◆ Exercise directions ◆
Using the entries below, copy exactly each line from the line with "King Kong Palm" up to and including the line with "MINIHOUSE M-1104, Korean", with every picture left out.

◆ Working data ◆
_ _ _ _
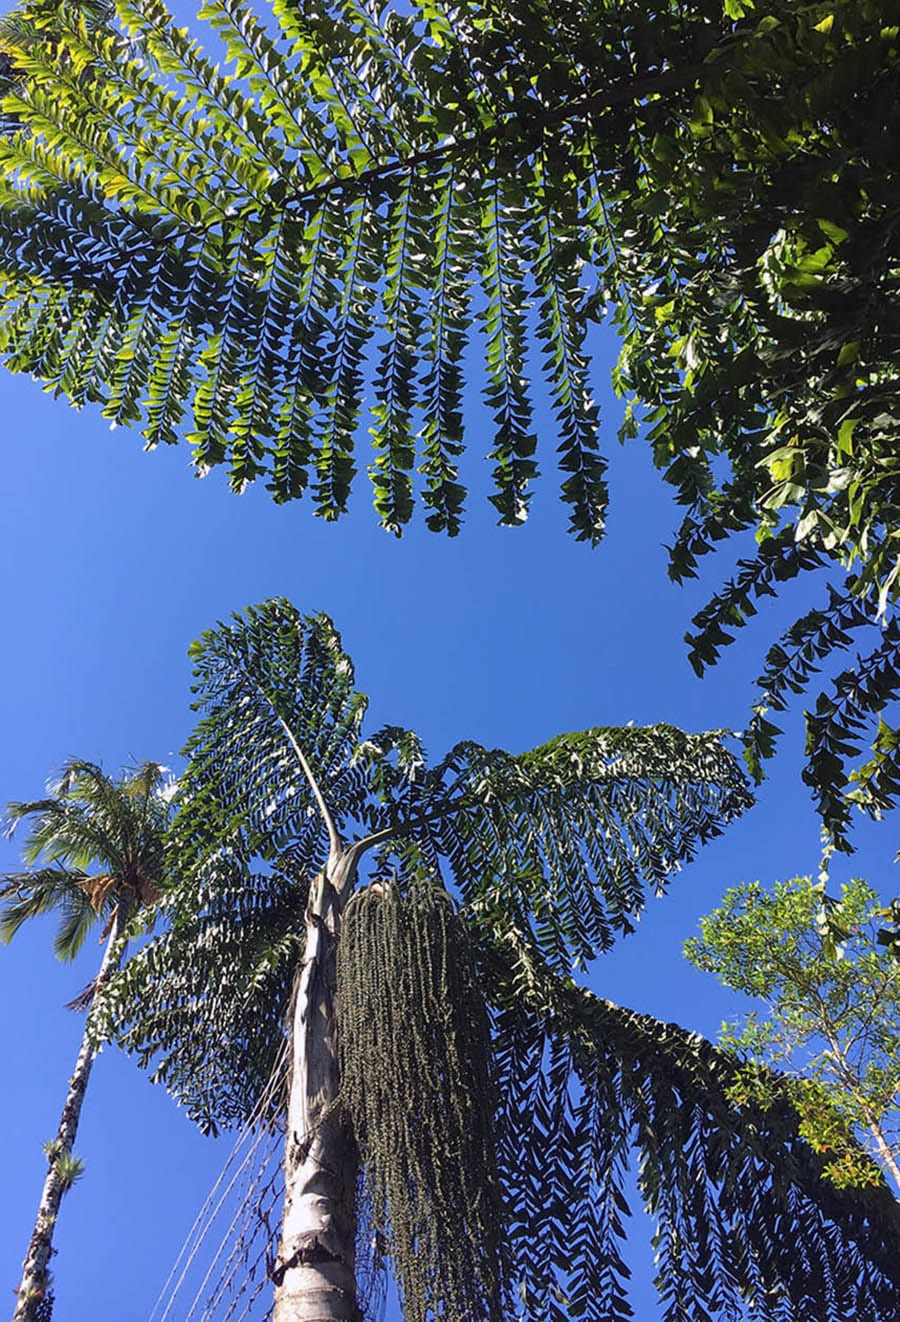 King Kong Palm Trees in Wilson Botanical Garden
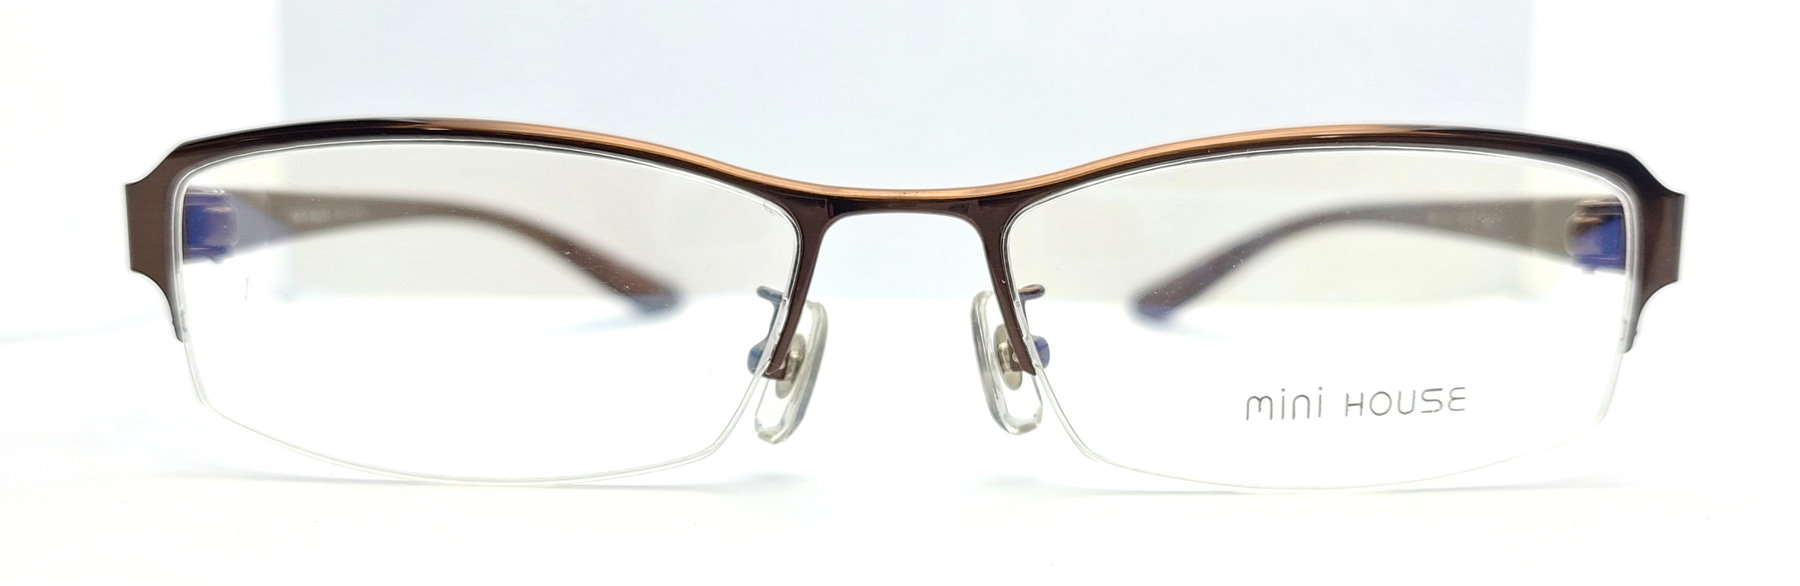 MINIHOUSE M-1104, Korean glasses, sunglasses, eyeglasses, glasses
_ _ _ _
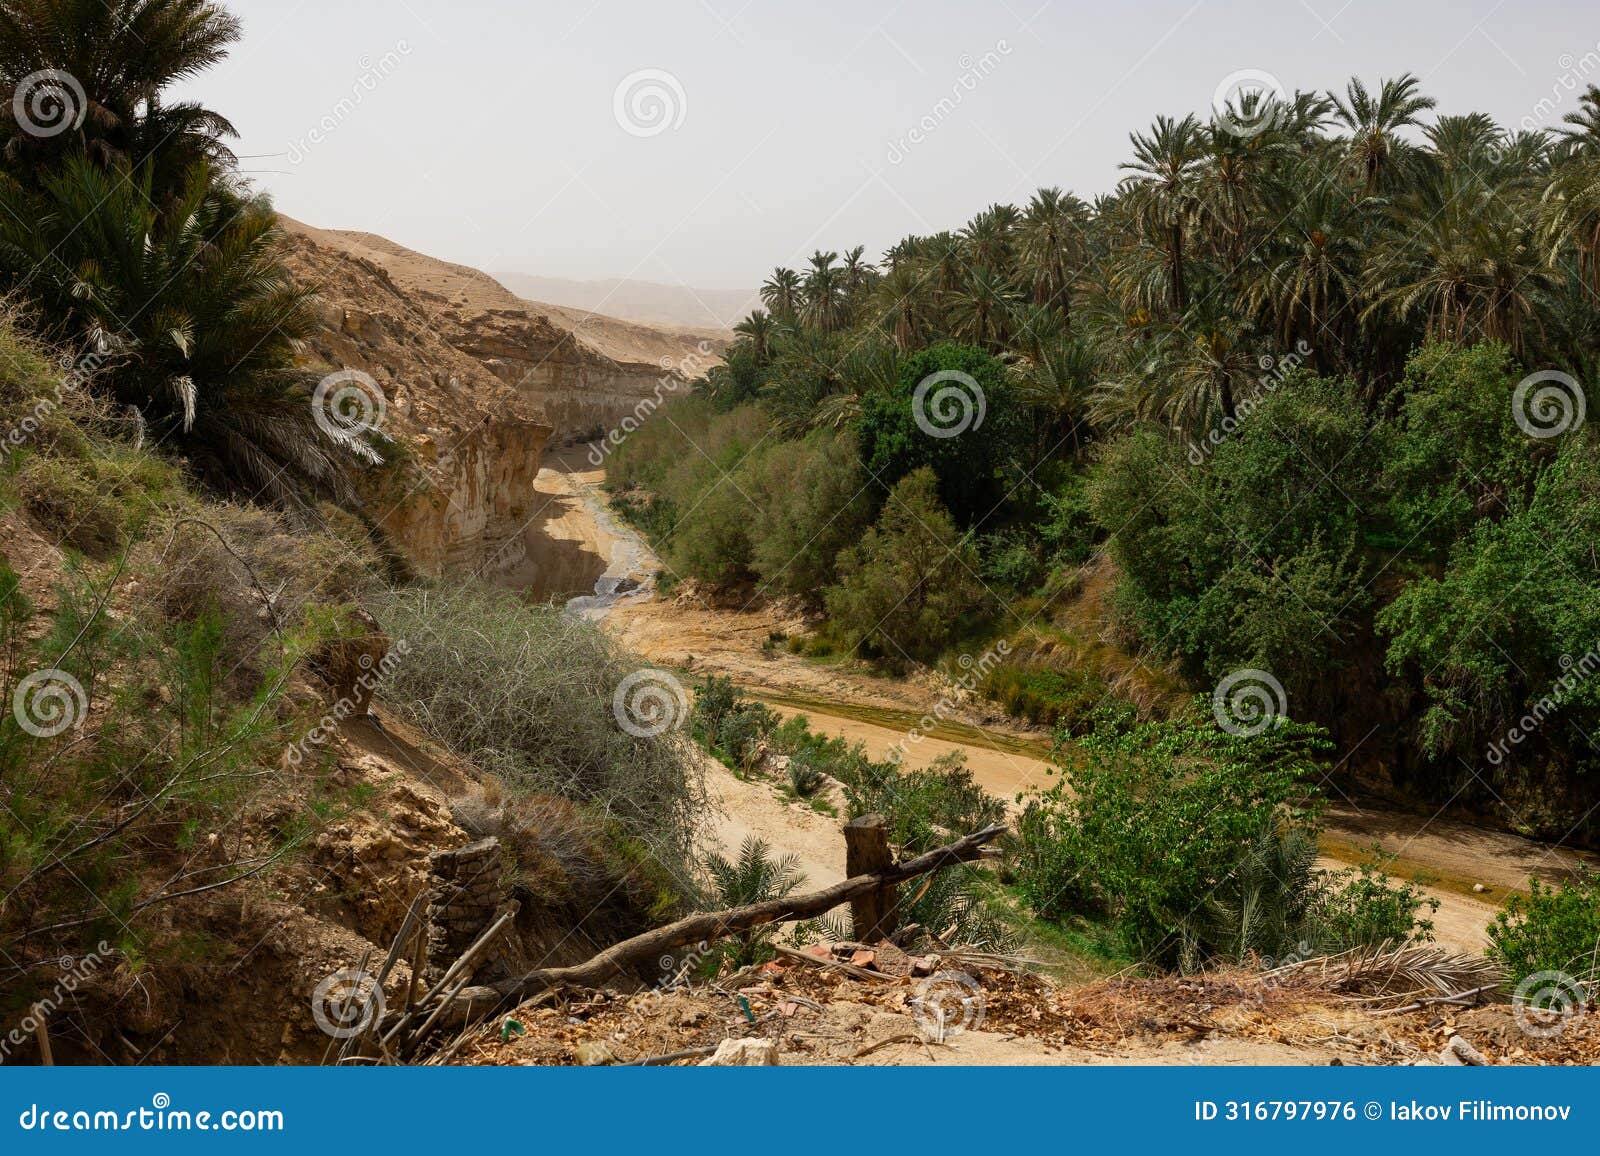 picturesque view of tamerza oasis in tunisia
_ _ _ _
◆ The answer ◆
 King Kong Palm Trees in Wilson Botanical Garden
 MINIHOUSE M-1104, Korean glasses, sunglasses, eyeglasses, glasses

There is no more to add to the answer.